──────── Given entries
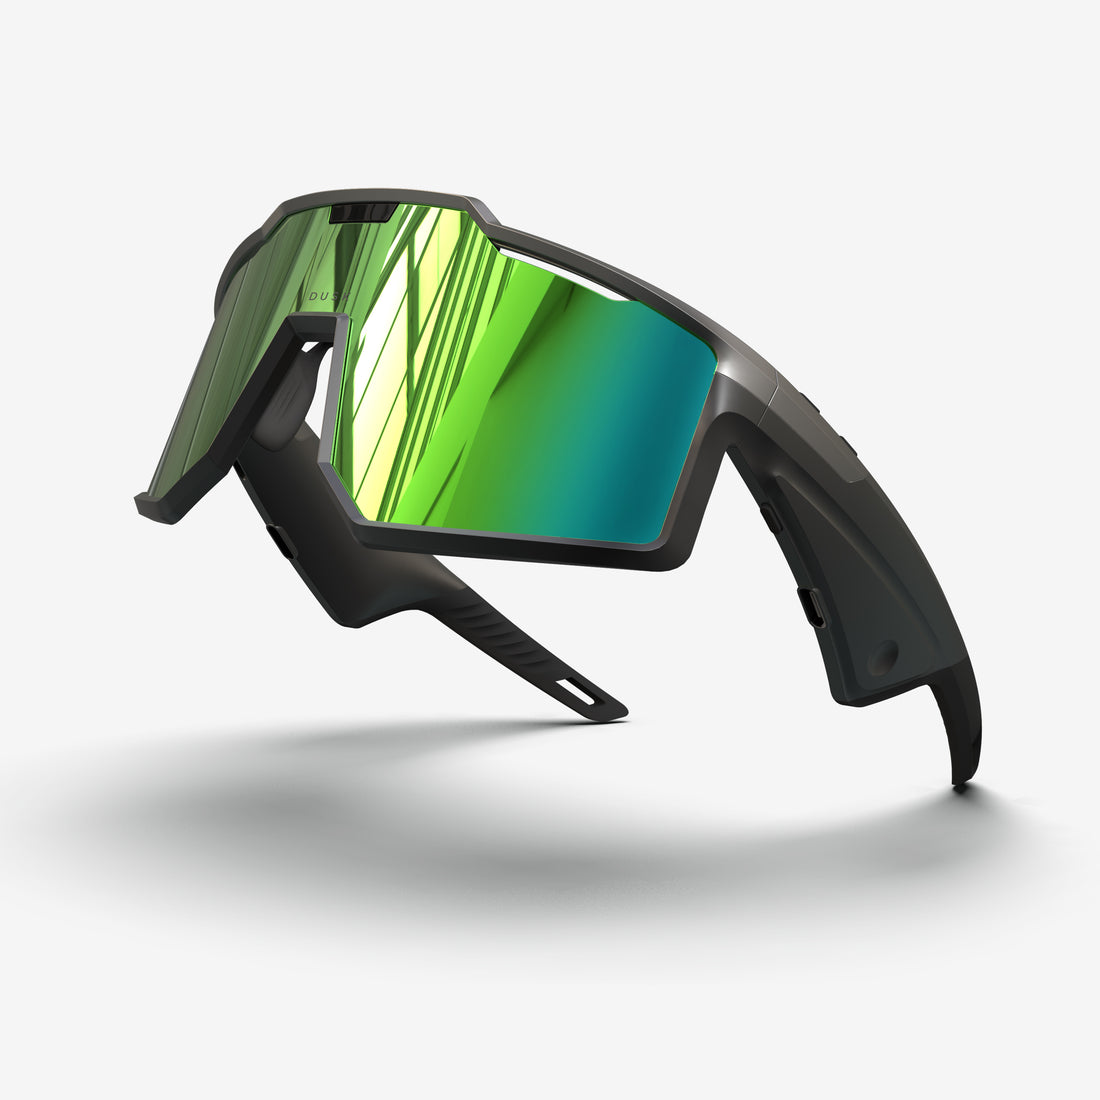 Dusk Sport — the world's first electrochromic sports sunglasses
────────────────
──────── Given entries
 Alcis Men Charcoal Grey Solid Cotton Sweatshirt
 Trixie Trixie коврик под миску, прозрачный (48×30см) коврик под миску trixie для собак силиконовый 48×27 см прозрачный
────────────────
> Exercise prompt
Looking at the data above, write out exactly the lines that start at the one containing "Alcis Men Charcoal" and end at the one containing "Trixie Trixie коврик"; include both and nothing beyond.

> Solution to the problem
 Alcis Men Charcoal Grey Solid Cotton Sweatshirt
 Trixie Trixie коврик под миску, прозрачный (48×30см) коврик под миску trixie для собак силиконовый 48×27 см прозрачный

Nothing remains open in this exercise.